Now I know that springtails are the best way at removing this stuff naturally.
I'm wondering what else I can do to keep the viv from getting moldy. 
Also, Im looking for suggestions for backing material and a substrate that won't
Rot away. If there are forums / threads that anyone can recommend, please link it
For me. 

Thanks, 
Leaf.


----------



## martythefrogguy27 (Mar 11, 2013)

A fan

Sent from my LG-MS770 using Tapatalk 2


----------



## GP dynamite (Feb 19, 2013)

If you go with anything natural in a vivarium, it will eventually decompose, rot, and mold. Nothing you can do about it. Springs and isopods control it but due to the Vivs other requirements( lighting,water..etc) you don't have many if an options.


----------



## Leaf28 (Apr 22, 2013)

as far as the soil rotting, is there a guildline as to how often the substrate needs to be changed?


----------



## GRIMM (Jan 18, 2010)

Substrate should last the life of the tank if done correctly. This isnt like keeping reptiles or snakes where the substrate needs constant replacement. Everything should be self sustaining/cleaning in a viv for the most part.

Google "dendroboard ABG" and a few good threads should pop up. Searching ABG on the forums wont work because it isnt enough letters unfortunately. Someone needs to fix that! If you dont feel like reading those threads, I have been having good results using 50/50 orchid bark and charcoal, with leaves and a bit of sphagnum moss to keep moisture. I also use clay substrate mixed in, but that opens up an entire new can of worms of reading that needs to be done.


----------



## hypostatic (Apr 25, 2011)

Here's a good thread on ABG mix:
http://www.dendroboard.com/forum/parts-construction/63915-truth-about-abg-mix.html

You can make your own or buy it from vendors on the forum
Dendroboard.com - Sponsors


----------



## r.avalos (Apr 10, 2013)

Mold appear to be unavoidable thing that everyone encounters.

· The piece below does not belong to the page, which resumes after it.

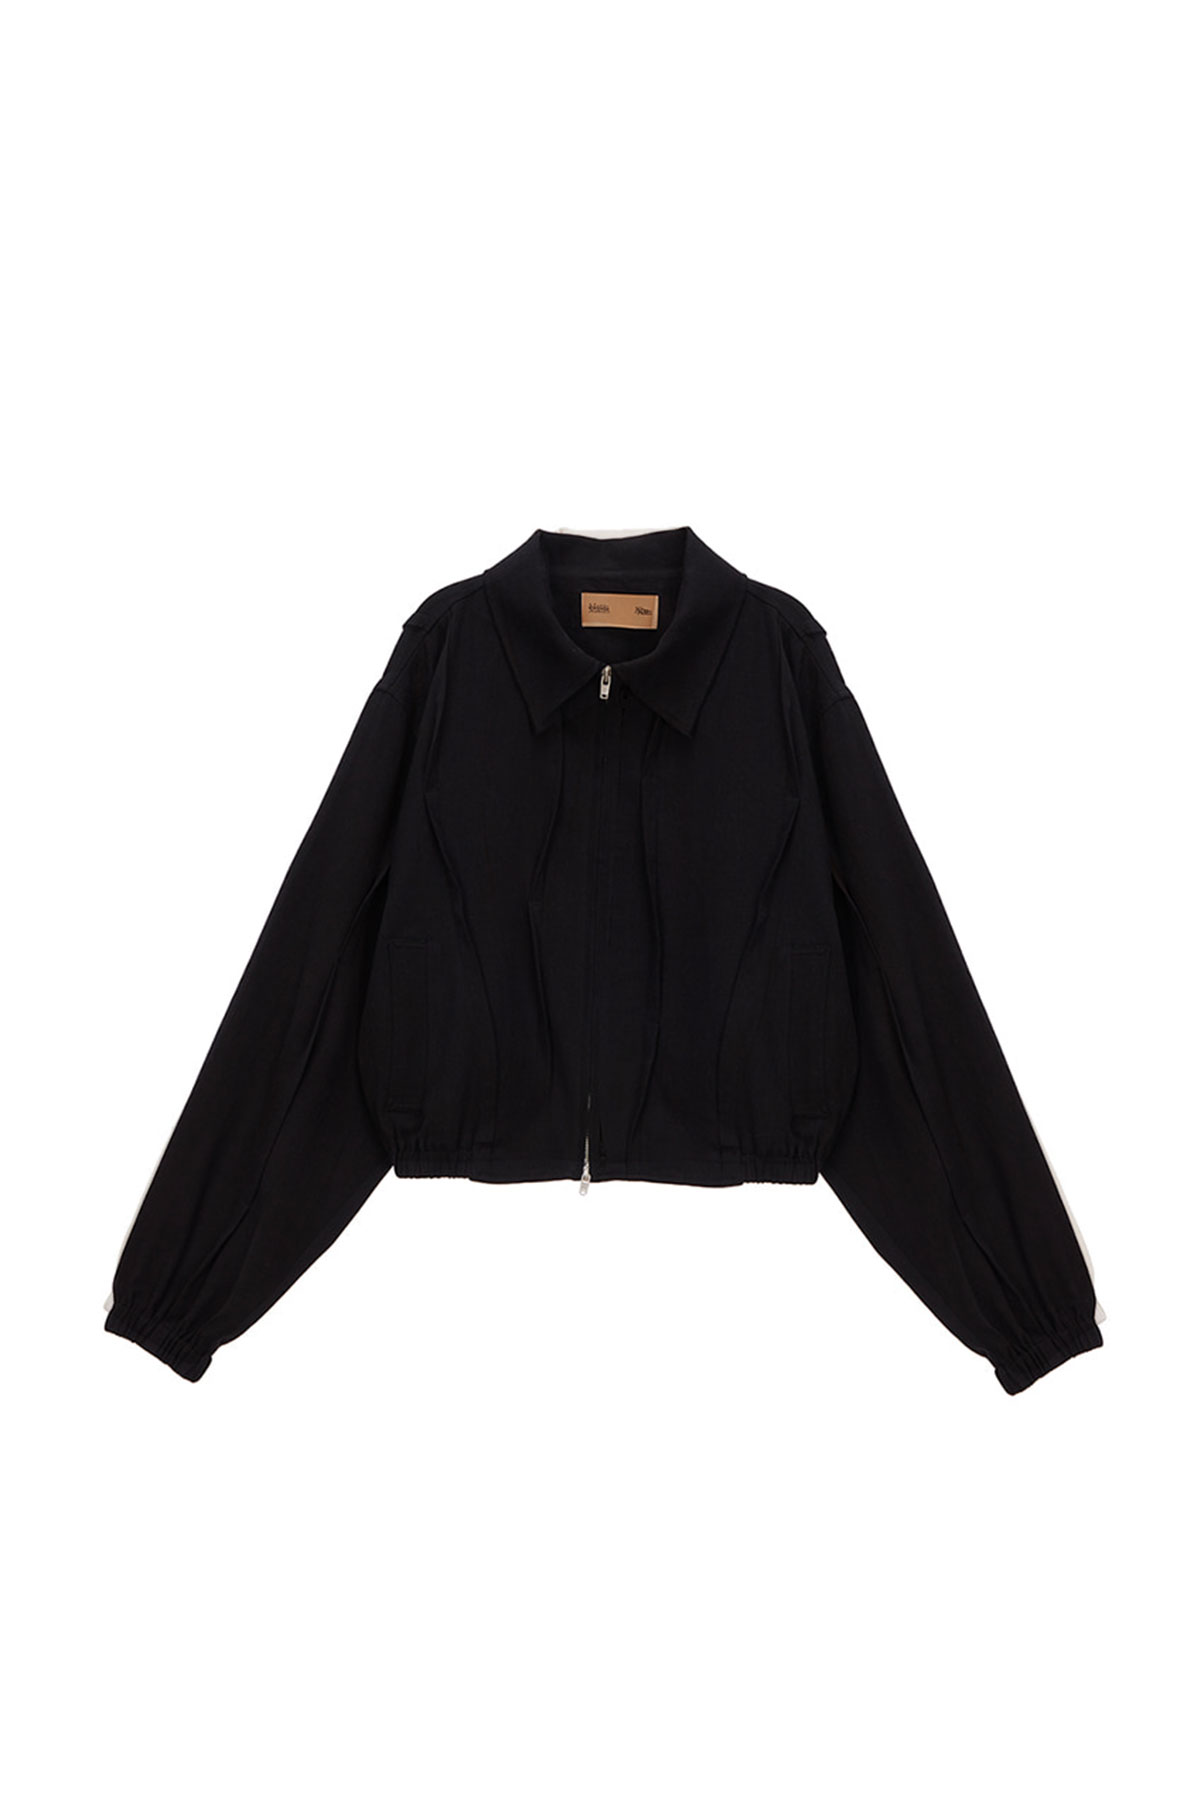 RAW CUTTING ROUGH BOMBER JACKET IN BLACK
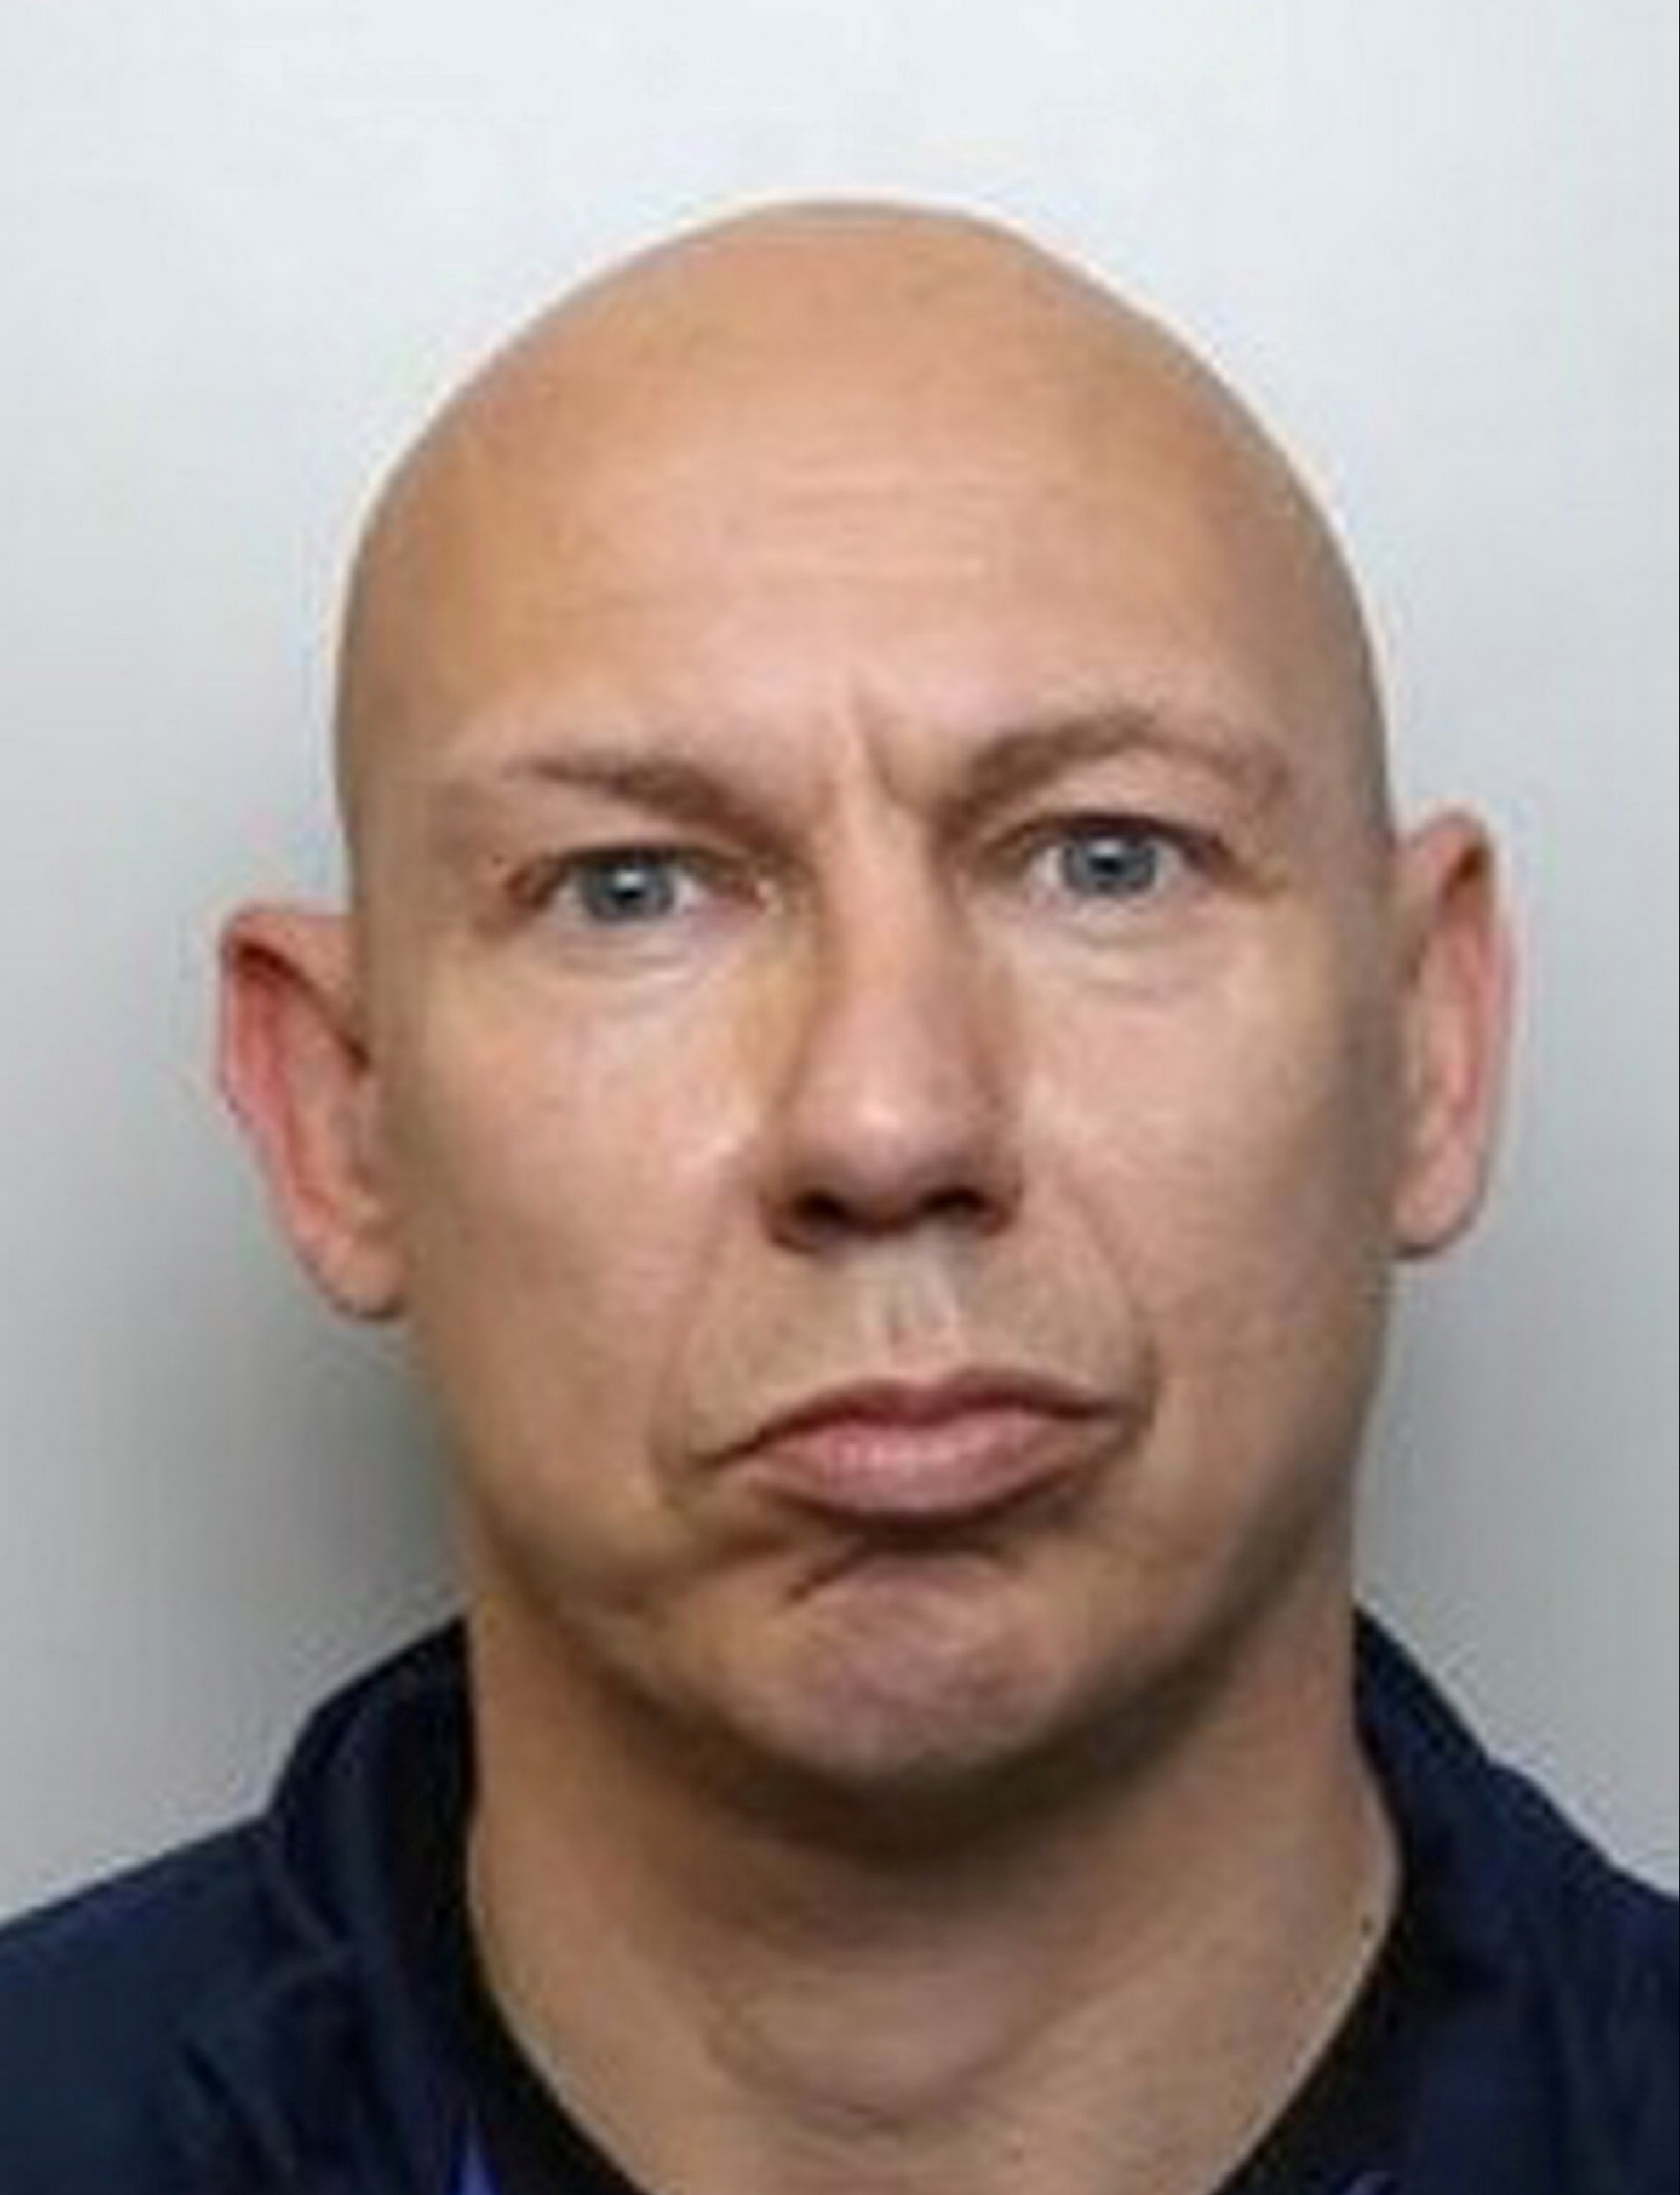 Ex-Leeds United player Paul Shepherd was jailed for nine years after he was uncovered as a courier for a major crime gang

However, I've read a thread that stated using water mixed with ground cinnamon can eliminate the mold or fungus in a viv. Read the first page and see if it helps. Either way, the mix will be another useful tool for future use.http://www.dendroboard.com/forum/plants/94180-mold-fungus-take-over.html


----------



## Boondoggle (Dec 9, 2007)

Molds will bloom but eventually die back under most vivarium conditions, I recommend just waiting it out. I'm not sure I've ever seen mildew in a vivarium.


----------



## Dave II (Dec 18, 2011)

certain woods tend to mold more like grape vine ect.


----------



## GP dynamite (Feb 19, 2013)

Not my own post. I just found ths from one of the man resident experts, Ed.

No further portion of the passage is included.